In ‘Incremental Homogeneity and the Semantics of Aspectual ‘for’-Phrases’, Fred
Landman and Susan Rothstein make precise the notion of homogeneity that is
required to pick out the predicates that can be modified by ‘for’-phrases.
Homogeneity is commonly defined as a temporal notion: states are homogeneous
down to instants, activities are homogeneous only down to (sufficiently large)
subintervals, whereas accomplishments and achievements are not homogeneous.
Landman & Rothstein argue that homogeneity down to subintervals cannot account
for the fact that activities allow for pauses and gaps. Instead, they propose to
define homogeneity with respect to events, as incremental homogeneity, which is
the “incremental preservation of cross-temporal identity of an event, and of its
event type, between the running time of the onset of that event and the running
time of that event itself” (p. 236). It follows, they argue, that
‘for’-adverbials are allowed with states, since these are lexically constrained
as being homogeneous down to instants, which is a stronger notion than
incremental homogeneity. They note that activities might allow for gaps
segmentally but not incrementally and analyse them as lexically constrained to
be incrementally homogeneous. Accomplishments and achievements are argued not to
meet the definition of incremental homogeneity, because their onsets are not
events of the same type. Landman & Rothstein show that accomplishments and
achievements in combination with bare plural and mass objects, but not in
combination with determiner-noun phrase combinations, are acceptable with
‘for’-adverbials, and propose that this is so because bare plural and mass nouns
are kind-denoting.

In ‘Event Measurement and Containment’, Anita Mittwoch addresses the semantics
of ‘for’- and ‘in’-adverbials, which serve as common diagnostics for the
distinction between atelic and telic predicates. She follows the common analysis
of ‘for’-adverbials as extensive measure functions, with the presupposition that
they apply only to homogeneous predicates. Such adverbials carry a scalar
implicature, in the sense that ‘for an hour’ implies ‘not for more than an
hour’, and they cannot apply to predicates that are already measured (in another
domain) or quantised.
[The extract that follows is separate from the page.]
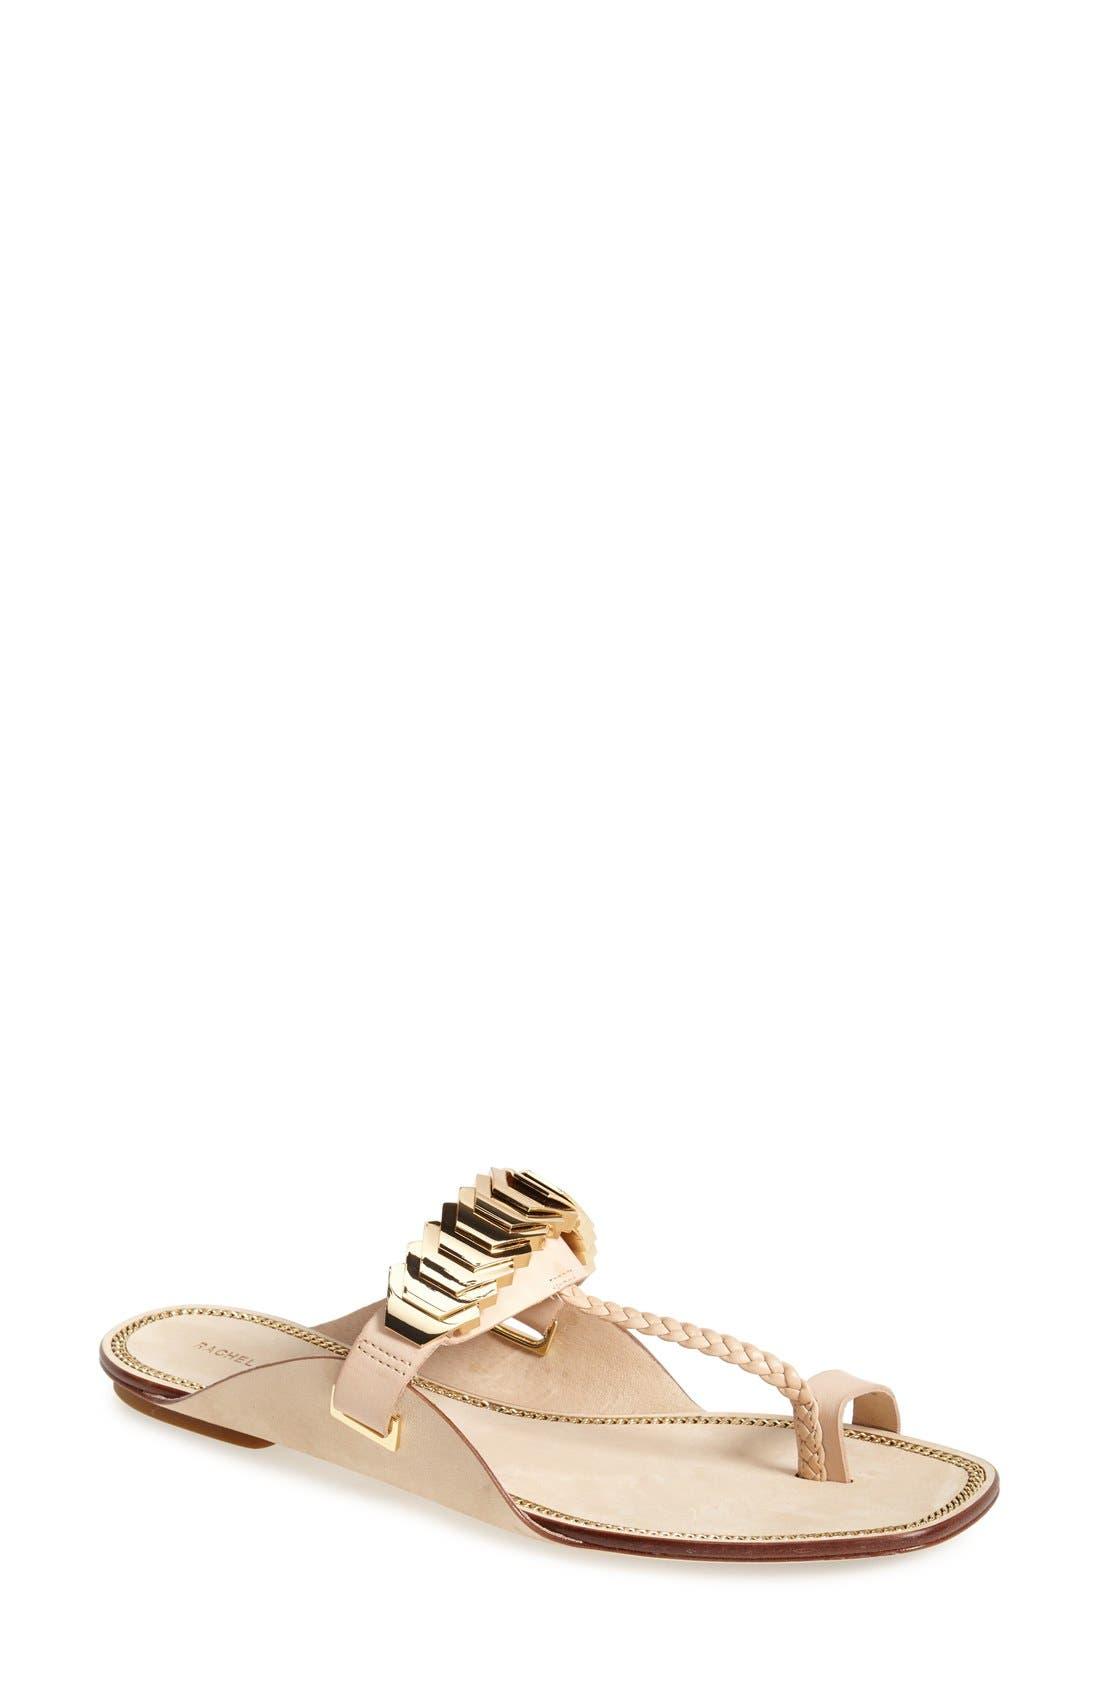 Alternate Image 1 Selected - Rachel Zoe 'Ida' Leather Toe Loop Sandal (Women)
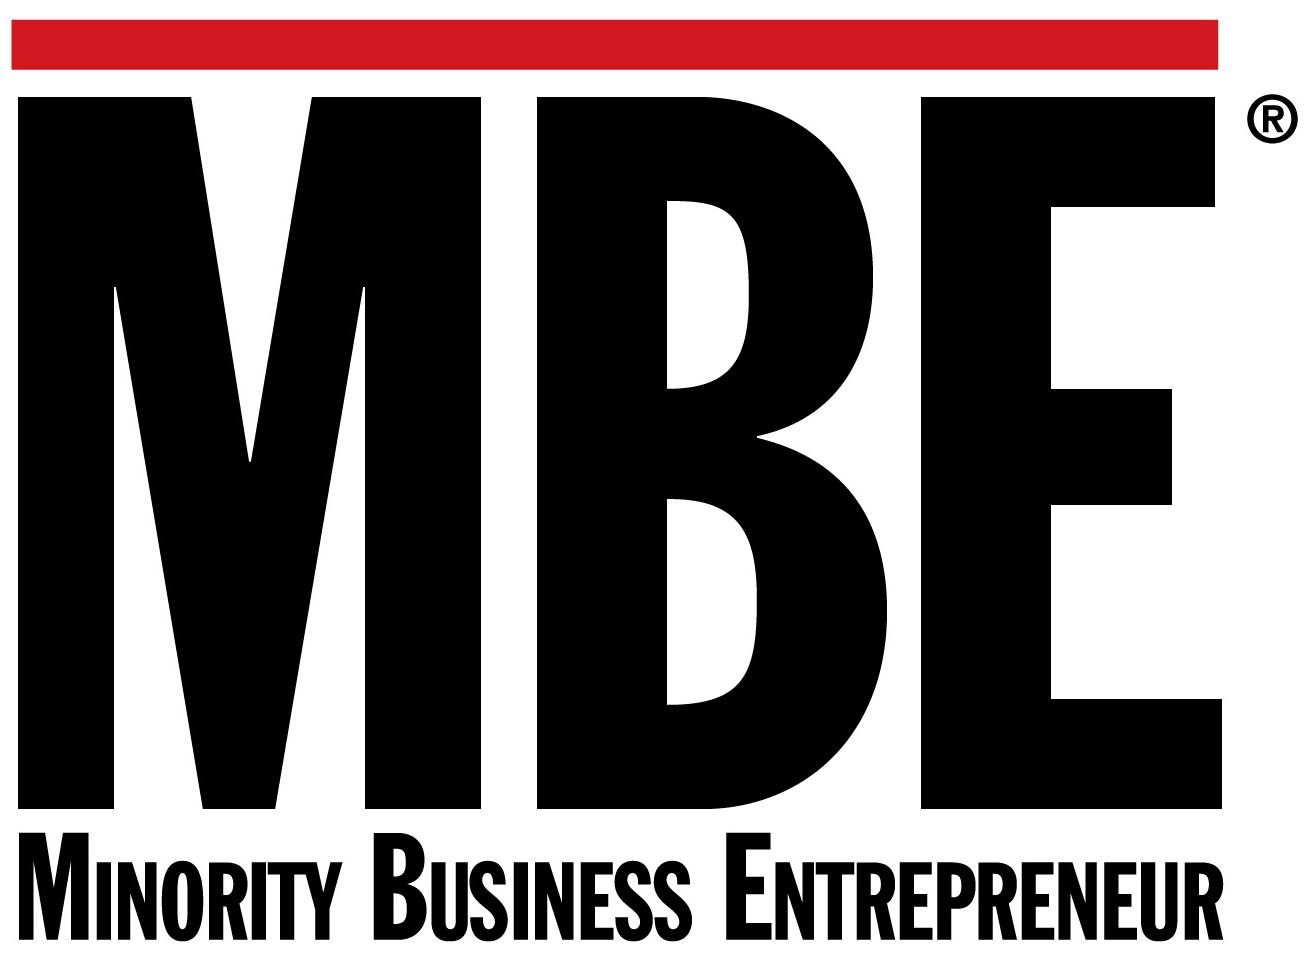 MBE logo 2012 red bar Hi Res.jpg

Given that ‘in’-adverbials apply to predicates that are
already quantised, Mittwoch argues that they cannot be measure phrases but only
indirectly measure the event, by measuring the interval that contains the event.
Furthermore, they involve a reversal of the scalar implicatures found with
‘for’-adverbials, in the sense that ‘in an hour’ implies ‘not in less than an
hour’. She addresses particular restrictions on ‘in’-adverbials that do not hold
for ‘for’-adverbials and argues that they follow from the assumption that
‘in’-adverbials are container measures and thus operate on a descending scale.
For example, whereas ‘for’-adverbials are compatible with both upper and lower
bounds (‘for at least / at most an hour’), ‘in’-adverbials require an upper
bound (‘#in at least an hour’), and additionally involve relative shortness (‘in
as little as an hour’ is more felicitous than ‘in as much as an hour’). The
paper concludes with a comparison between ‘in’-adverbials and the
‘take’-construction (e.g. ‘It took her an hour to complete the essay’), as an
alternative way of indirectly measuring the length of telic eventualities.
Mittwoch shows that this construction is not subject to the aforementioned
constraints that apply to ‘in’-adverbials and proposes that the
‘take’-construction is the unmarked means to (indirectly) measure telic events.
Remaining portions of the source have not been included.